In return, the ants defend “their” caterpillars against enemies. Thus, they hinder for example parasitoids such as parasitic wasps and flies from laying their eggs on the larvae. However, the presence of the ants might also be a general protection against other, more opportunistic, predators. Hence, the carnivorous ants protect an otherwise suitable prey. However, this protection is far from being perfect; many caterpillars of the chalk-hill blue are still infested by parasitoids. Nevertheless, even the pupae are frequently found close to ant nests (Pfeuffer 2000, Asher et al. 2001). This symbiosis has already been observed for different ant species. In central Europe, relationships with P. coridon are known to involve the genera Lasius, Tetramorium and Myrmica (e.g. Fiedler 1987, Maschwitz and Fiedler 1988, Schurian 1989, Ebert and Rennwald 1991, Fiedler et al. 1992, Pfeuffer 2000, 2013).

In general, myrmecophilous behaviour has frequently been observed in many lycaenid species, with many ant species involved all around the world (e.g. Fiedler et al. 1991, New 1993). The protective benefits for the larvae of lycaenids have already been demonstrated in the wild for Glaucopsyche lygdamus (Pierce and Mead 1981, Pierce and Easteal 1986). Furthermore, higher growth rates of lycaenid larvae with than without ant attendance have been demonstrated (e.g. Fiedler and Saam 1994, Wagner and del Rio 1997).

Ecology of the imagoes

The butterflies are much less choosy in the selection of their nectar sources than the caterpillars are with their host plants. However, the imagoes tend to prefer classic butterfly flowers, mostly of the plant families Lamiaceae, Asteraceae and Caprifoliaceae, although species of Leguminosae are also frequently visited for nectaring. The most visited plant genera are apparently Origanum, Scabiosa, Knautia and Centaurea (Weidemann 1986, Ebert and Rennwald 1991, Lörtscher et al. 1995, Pfeuffer 2013). The distribution of nectar sources strongly influences the microdistribution of the butterflies within the habitat (Lörtscher et al. 1995). It seems that butterflies give preference to violet flower heads, but visits to white and yellow flowers can also frequently be observed (Fig. 11). However, the butterflies also gather at muddy places to take up water (e.g. Pfeuffer 2013) and even visit excrements and carcasses (e.g. Jones 2000). Like many other lycaenids, the chalk-hill blue aggregates in sleeping groups in the evening (Figure 12) (e.g.

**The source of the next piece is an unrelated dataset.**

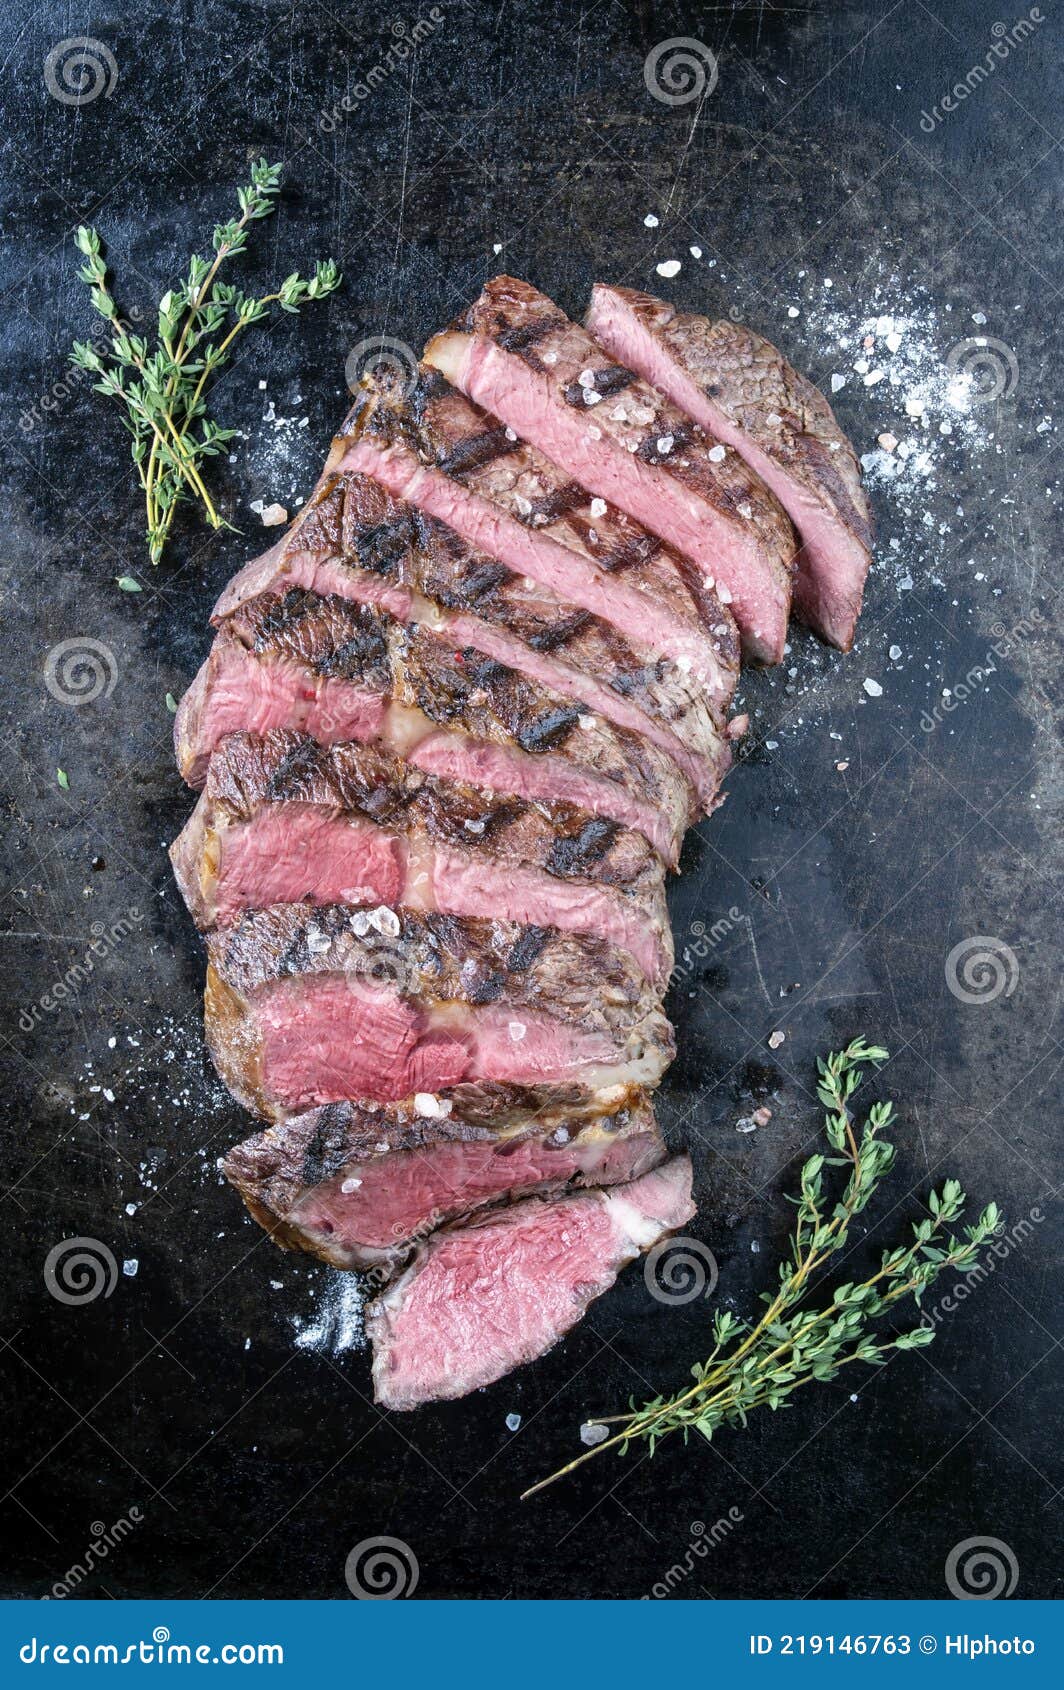 Barbecue Dry Aged Entrecote Double Beef Steak Sliced on a Rustic Board ...

Weidemann 1986). After sunset, they mostly descend into the more closed vegetation to spend the night.

Figure 10. 

The purple crown vetch Securigera varia is an important additional larval host plant from the Balkan Peninsula to eastern Brandenburg and Poland. In some regions, e.g. Brandenburg, this plant is the sole larval host plant. Strausberg, eastern Brandenburg, 17.VI.2014. Photo: Thomas Schmitt.

Figure 11. 

The imagoes of the chalk-hill blue visit flowers of different plant species for nectaring, here the cream scabious Scabiosa ocholeuca (left: Csákvár, Vértes mountains, western Hungary, 21.VII.2014) and a yellow-flowering Fabaceae (right: Luka nad Vahom, south-western Slovakia, 09.VIII.2014; note that the depicted individual is a member of the second generation of a bivoltine population). Photos: Thomas Schmitt.

Figure 12. 

The imagoes of the chalk-hill blue often congregate in sleeping groups in the evening. Many individuals can assemble at exposed places, to utilise the last sunshine of the day. Gánt, Vértes mountains, western Hungary, 08.VIII.2014. Photo: Thomas Schmitt.

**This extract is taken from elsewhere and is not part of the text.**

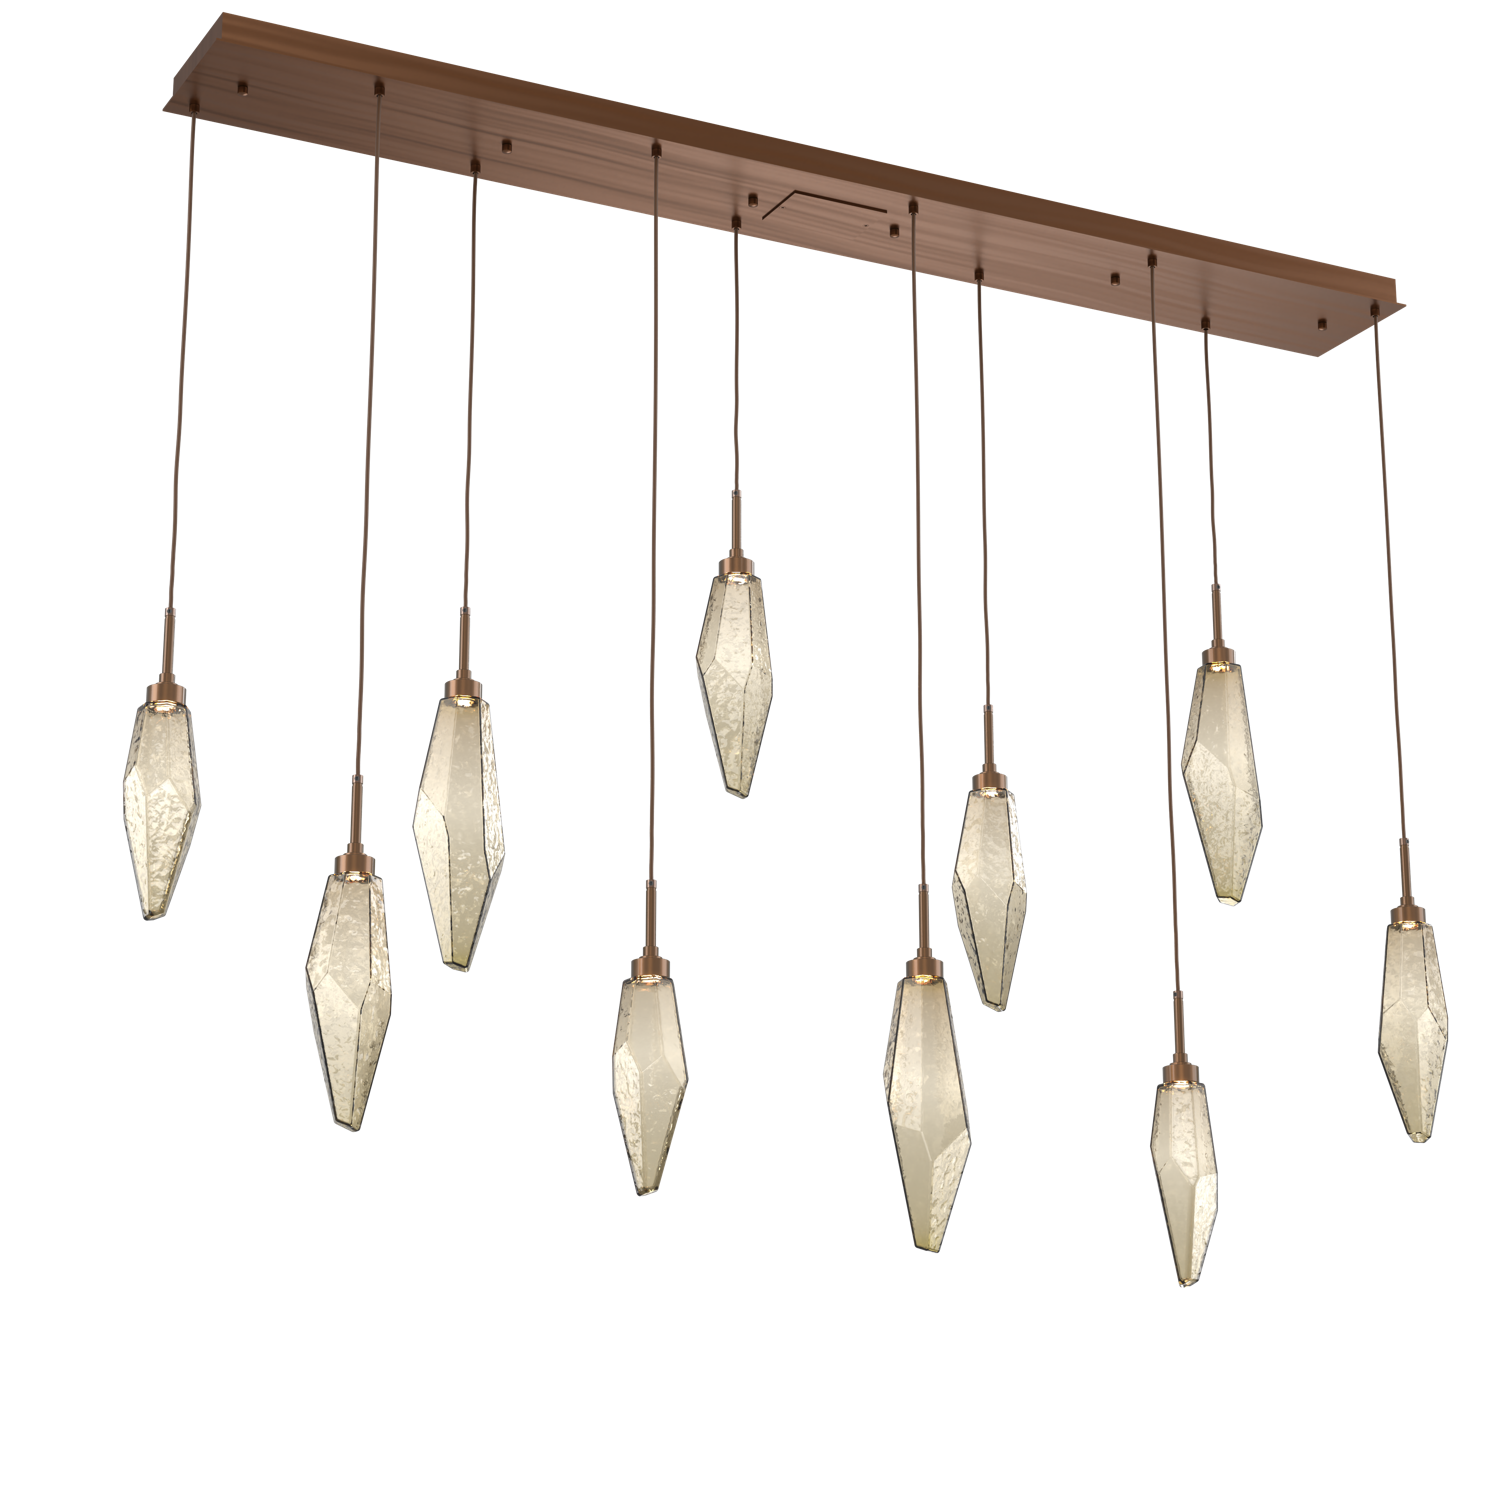 PLB0050-10-RB-CB-Hammerton-Studio-Rock-Crystal-10-light-linear-pendant-chandelier-with-oil-rubbed-bronze-finish-and-chilled-bronze-blown-glass-shades-and-LED-lamping

On sunny days, it is mainly the male individuals that can be observed flying around in the habitat. Females fly less and invest more time in nectaring or just sitting in the vegetation. Therefore, one might get the impression that fewer females than males are present. However, this impression is misleading. Rearing of more than a hundred larvae randomly collected in the wild in Olk (southern Eifel, Rhineland-Palatinate, Germany) resulted in a nearly equal number of both sexes (Ashoff and Schmitt 2014).

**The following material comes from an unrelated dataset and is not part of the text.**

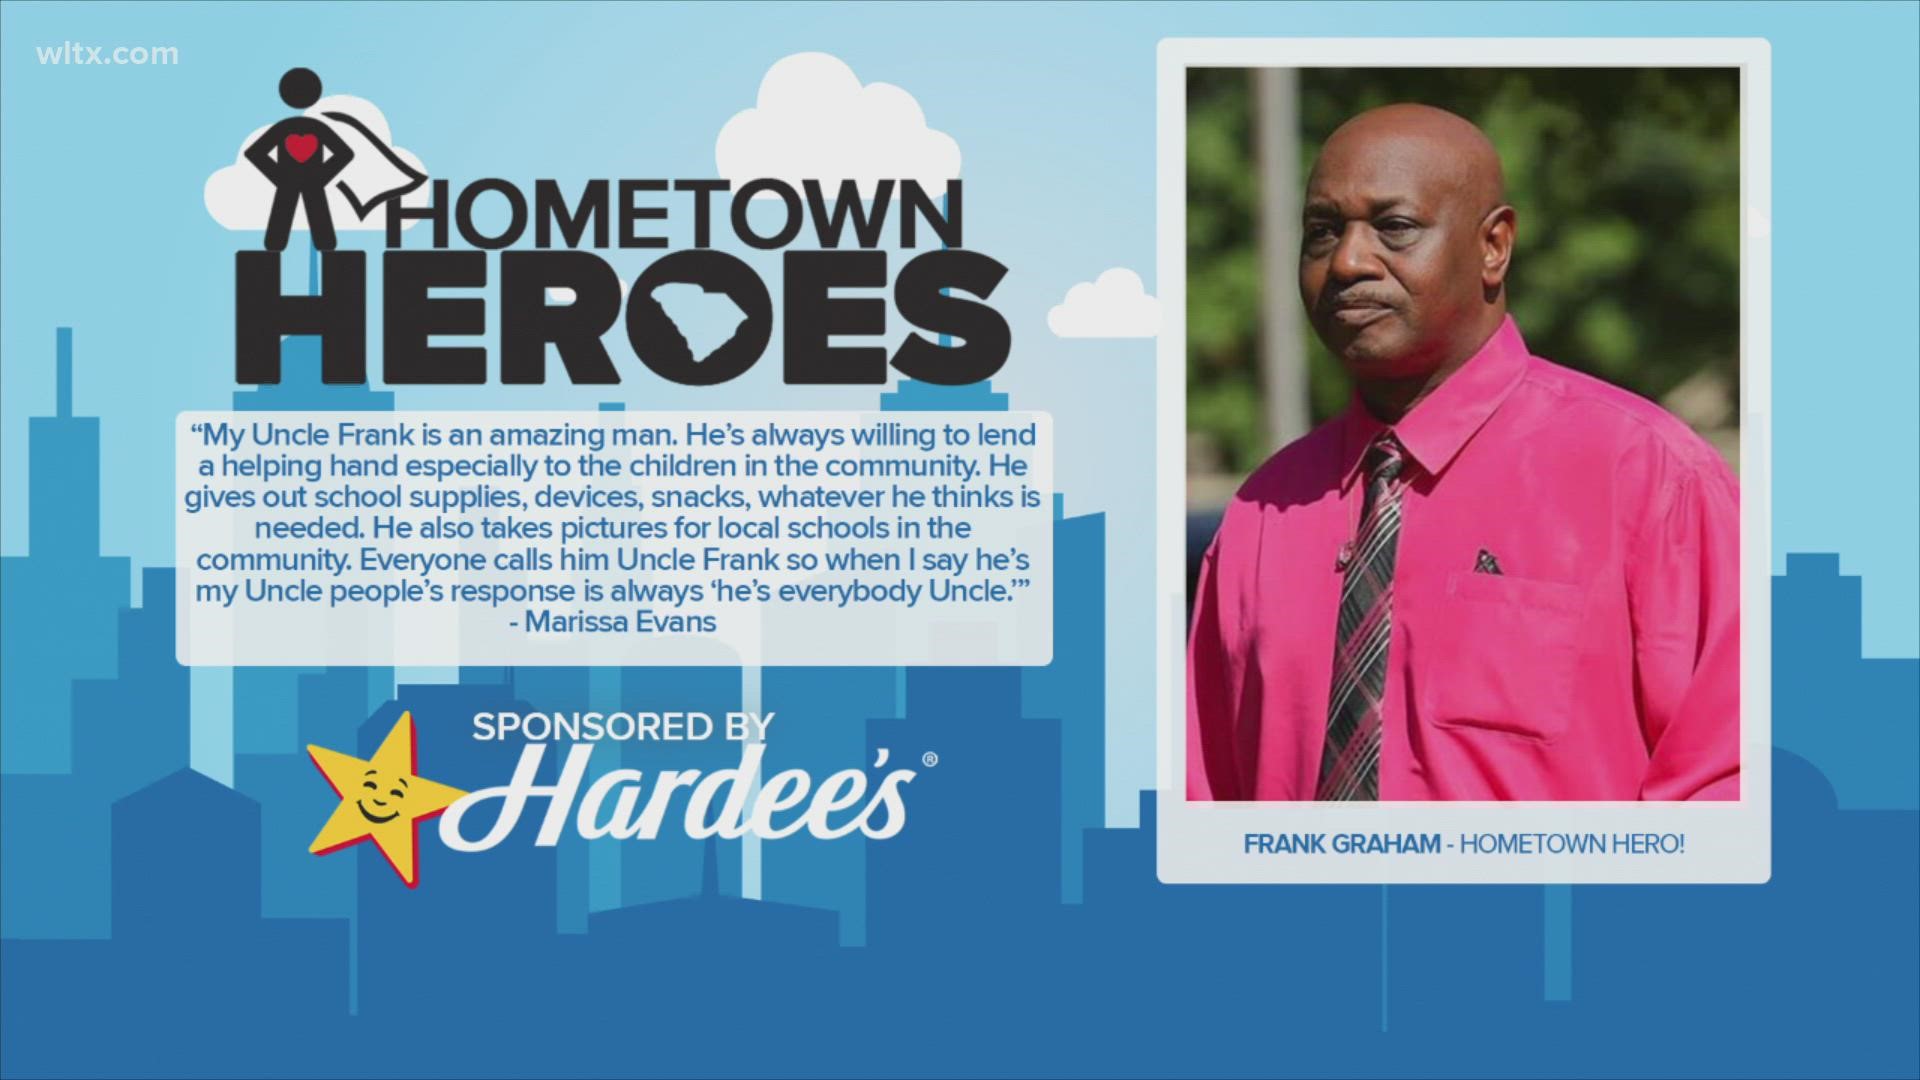 We're recognizing a Hometown Hero nominated by his niece for his dedication to the community.

The intensive flight activity within habitats leads one intuitively to overestimate the actual distance of translocations within and between habitats. Thus, a mark-release-recapture experiment with 2,211 marked butterflies in the Keuperscharren area south-west of Bitburg (southern Eifel, Rhineland-Palatinate, Germany) demonstrated that the exchange between habitat patches is much less than one would expect from the high flight activity of the butterflies. Only four individuals were detected to have moved between two patches separated by a distance of 600 m containing arable fields and intensive grassland with few flowers. Just one butterfly was found to have travelled a greater distance of 3.7 km (Schmitt et al. 2006). Similar experiments in Hampshire (southern Britain) showed that only 1 to 2% of the population exchanged between populations one to two km apart (Asher 2001). In another study in southern Britain, only 12 out of 1,797 marked butterflies moved between the three analysed habitats which were 350 to 1100 m distant from each other; however, five individuals even crossed a motorway while changing their habitat (Adey and Wilson 2010). In Luxembourg, none of 304 recaptured individuals (out of 2,085 marked ones) moved between three sites that were 4.2 to 11.2 km apart from each other (Thiel and Meyer 2007). For P. gennargenti, which might or might not be conspecific with P. coridon (see above), mark-release-recapture in four habitat patches with a maximum distance of 350 m between them showed that, with the exception of one rather small patch, emigration rates ranged from 3 to 11% (Casula et al. 2004).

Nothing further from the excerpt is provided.